## DESCRIPTION OF THE TASK:
Word for word, write the lines below out again, with no pictures.

----- DATA EXTRACT -----

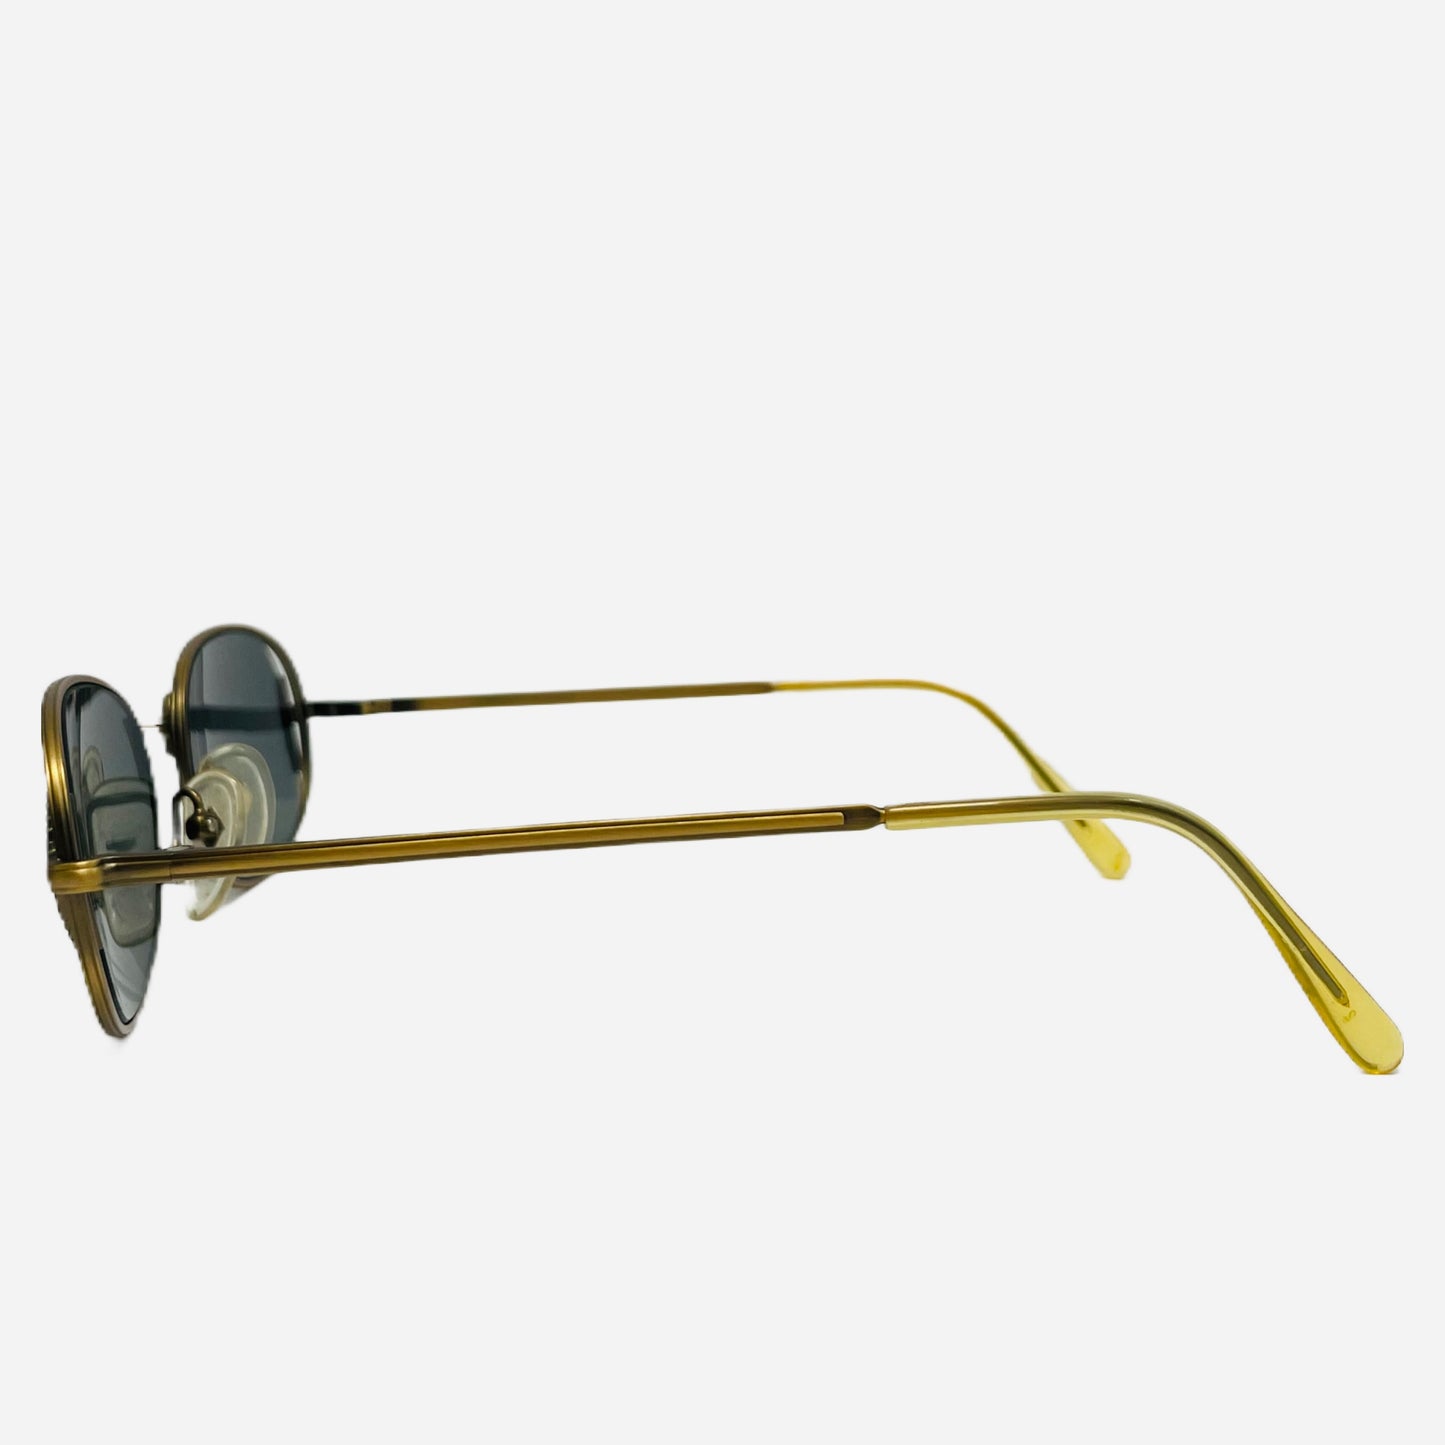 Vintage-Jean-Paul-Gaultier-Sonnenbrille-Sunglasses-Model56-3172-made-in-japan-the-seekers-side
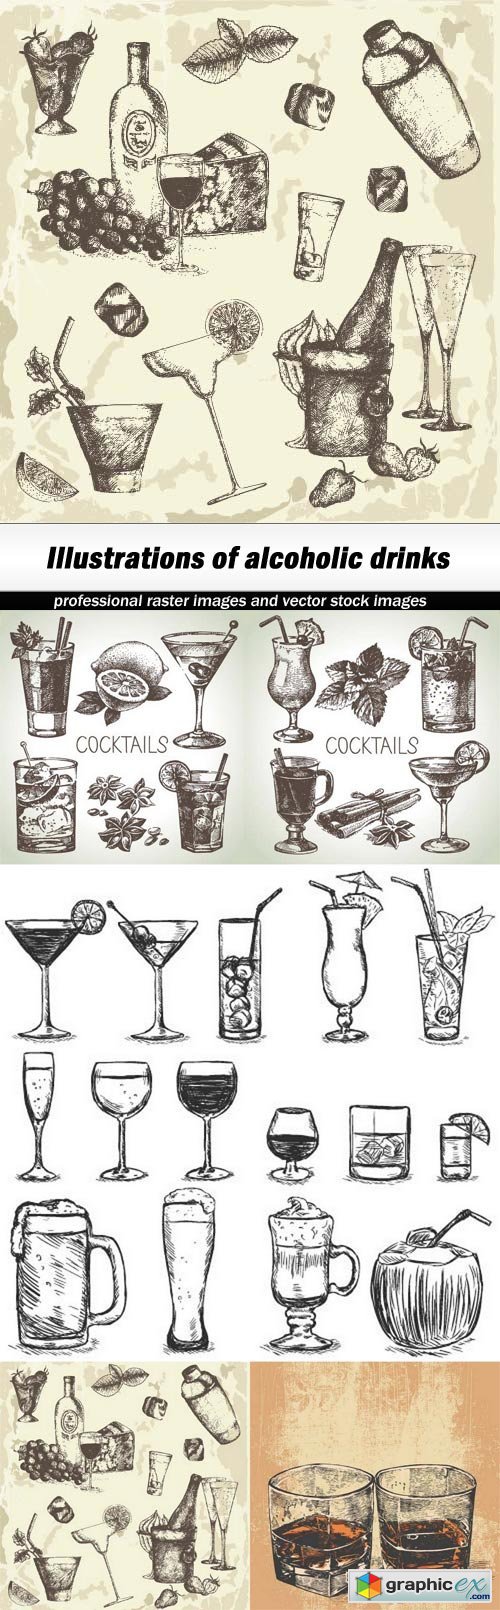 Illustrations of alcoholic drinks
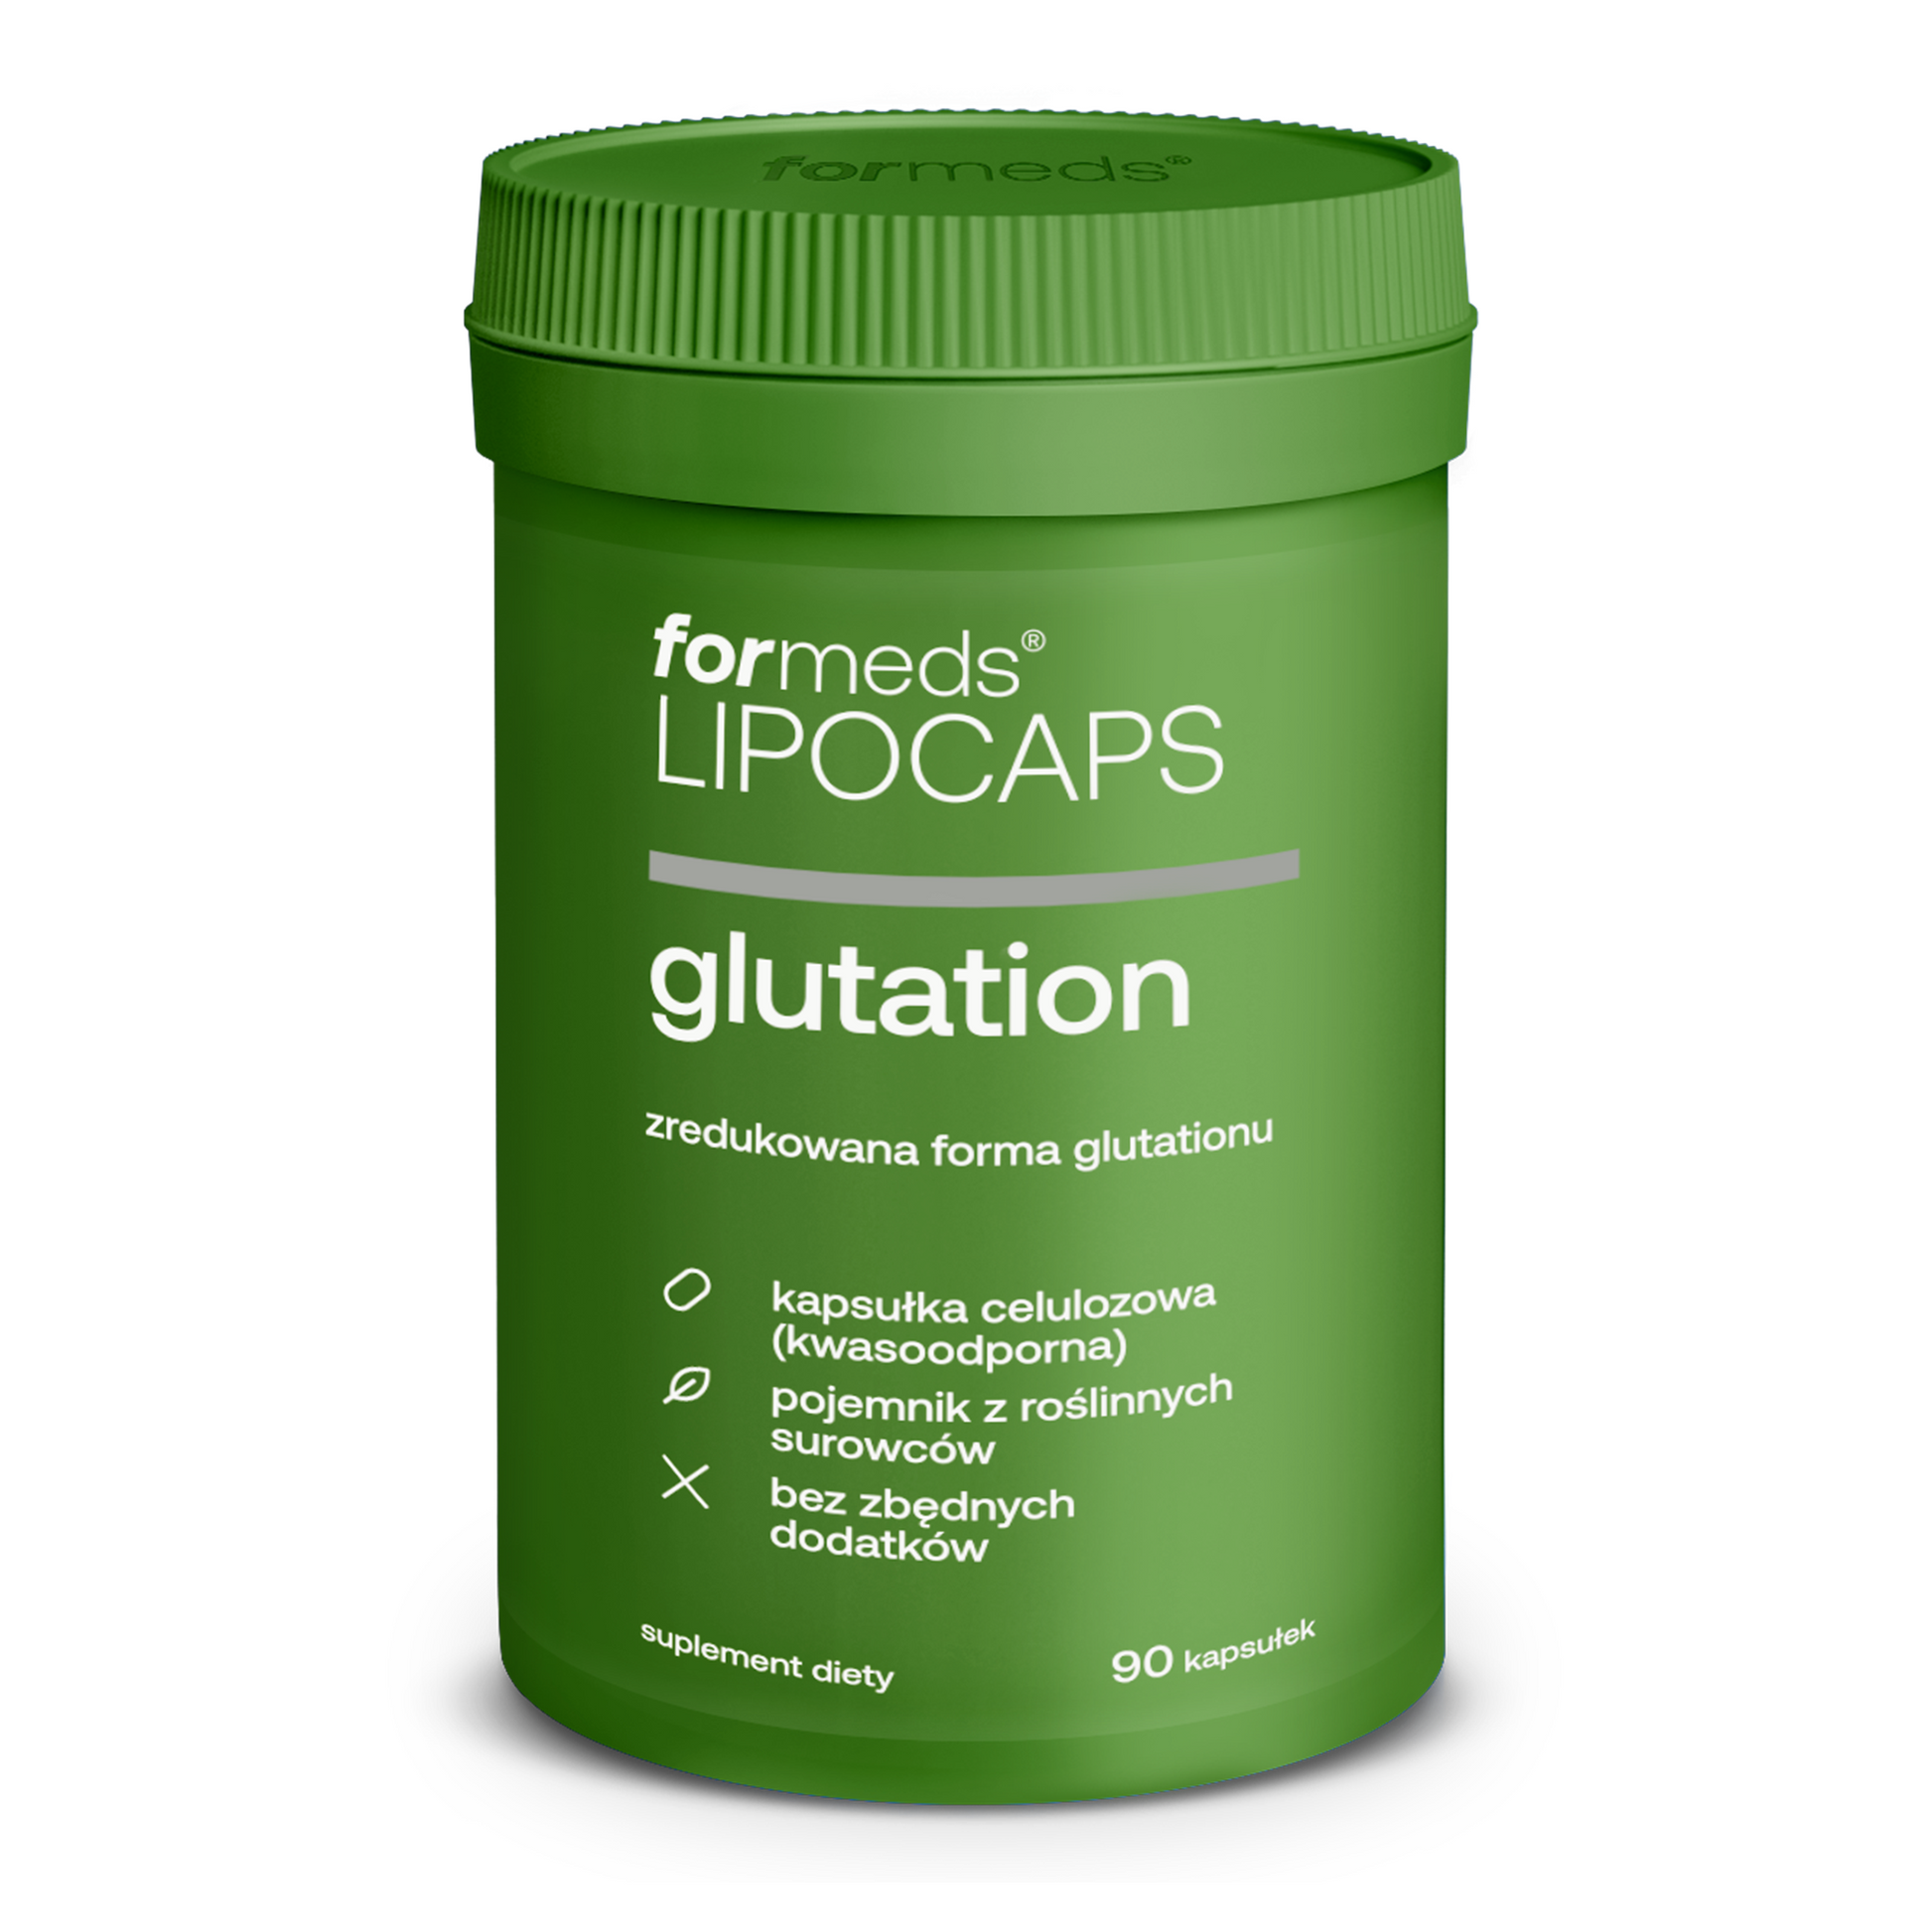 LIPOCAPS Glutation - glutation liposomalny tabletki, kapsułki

-----

## OUTPUT OF THE EXERCISE:
 Vintage-Jean-Paul-Gaultier-Sonnenbrille-Sunglasses-Model56-3172-made-in-japan-the-seekers-side
 Illustrations of alcoholic drinks
 LIPOCAPS Glutation - glutation liposomalny tabletki, kapsułki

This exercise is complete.